# The Erlang Response Time Stretch Factor For 3 And 4 Servers

Posted in Math, Scalability on Dec 11, 2016

In a previous post I explored a few variations of equations that express the M/M/m queueing theory response time “stretch factor,” and tried to indicate some areas where I wanted to dig into the relationships between these formulas a bit more. In this post I discuss the divergence between the official Erlang C formula and Neil Gunther’s heuristic approximation to it. I introduced this before thusly:

At \(m=3\) and above, the heuristic is only approximate. What does the Erlang form reduce to for the first of those cases? Does it result in the missing term that will extend to 4 and beyond too?

Here’s the Erlang form again:

$$ R(m, \rho) = 1 + \frac{ \frac{(m \rho)^m}{m!} }{ (1-\rho) \sum_{n=0}^{m-1} \frac{(m \rho)^n}{n!} + \frac{(m \rho)^m}{m!} } \frac{1}{m(1-\rho)} $$

And the equivalent heuristic by Gunther, which is exact for 1 and 2 service channels:

$$ R(m, \rho) \approx \frac{1}{1-\rho^m} $$

Note that this is a stretch factor relative to the service time, i.e. to find the average residence time, you must multiply by the service time.

When \(m\) is 1 or 2, the Erlang formula simplifies exactly to the heuristic. When \(m=3\), the Erlang formula simplifies to:

$$ R(3, \rho) = 1 + \frac{3\rho^3}{(1-\rho)(3\rho^2+4\rho+2)} $$

It’s not immediately obvious to me how that might be related to the heuristic form of the response time stretch factor, \(\frac{1}{1-\rho^3}\).

At \(m=4\), the Erlang formula simplifies to

$$ R(4, \rho) = 1 + \frac{8\rho^4}{(1-\rho)(8\rho^3+24\rho^2-15\rho+15)} $$

The relationship between this and \(\frac{1}{1-\rho^4}\) is is no more obvious to me. Importantly, I think, at this point the Erlang formula and the heuristic start behaving very differently. With 3 service channels, the formulas have essentially the same shapes (same poles, etc), but there’s a slight ripple in one that’s not in the other.

But with 4 service channels they’re fundamentally different over portions of their range (outside the physically meaningful performance region of \(0<=\rho<=1\), that is).

What is the error in the heuristic for 3 and 4 service channels? I touched on this briefly in the previous post. By subtracting the heuristic from the Erlang formula and simplifying, I found that when there are 3 service channels, the difference is

$$ \frac{\rho^3}{3\rho^4+7\rho^3+9\rho^2+6\rho+2} $$

But with 4, the difference between the functions isn’t expressible neatly, and is sometimes infinity, reinforcing the impression that the coincidence between Erlang and heuristic is just that.

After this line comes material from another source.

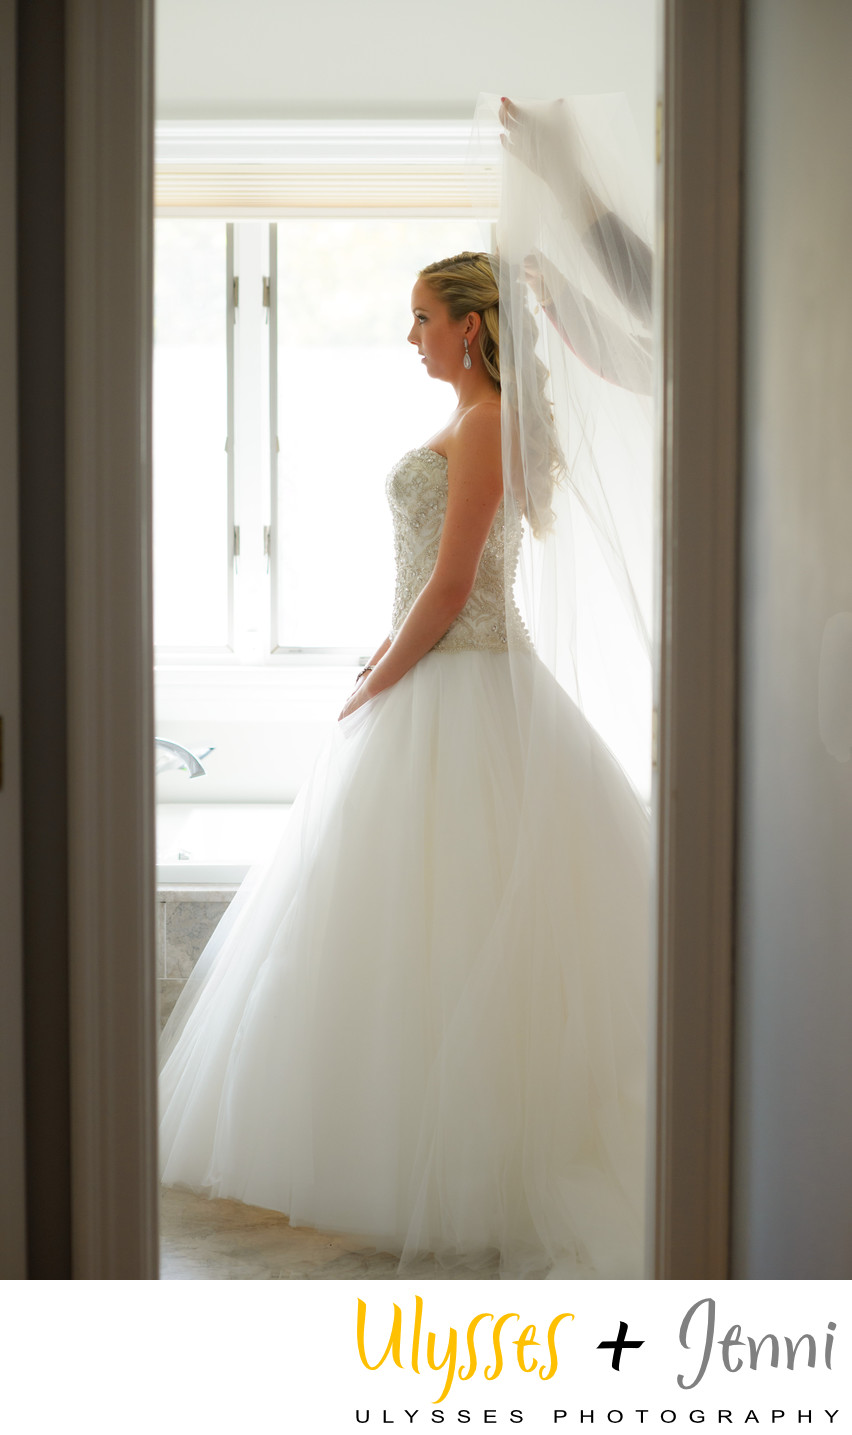 Bride Framed in Doorway

I still feel that something useful is hiding just around the corner, because the heuristic arises analytically but doesn’t scale correctly to more than 2 service channels, and Erlang also arises analytically but is correct. The fact that they are exactly the same for 1 and 2 service channels just doesn’t feel accidental. But intuition has led me astray many times.

You can graph and visualize all of the above with a Desmos calculator that I made for you.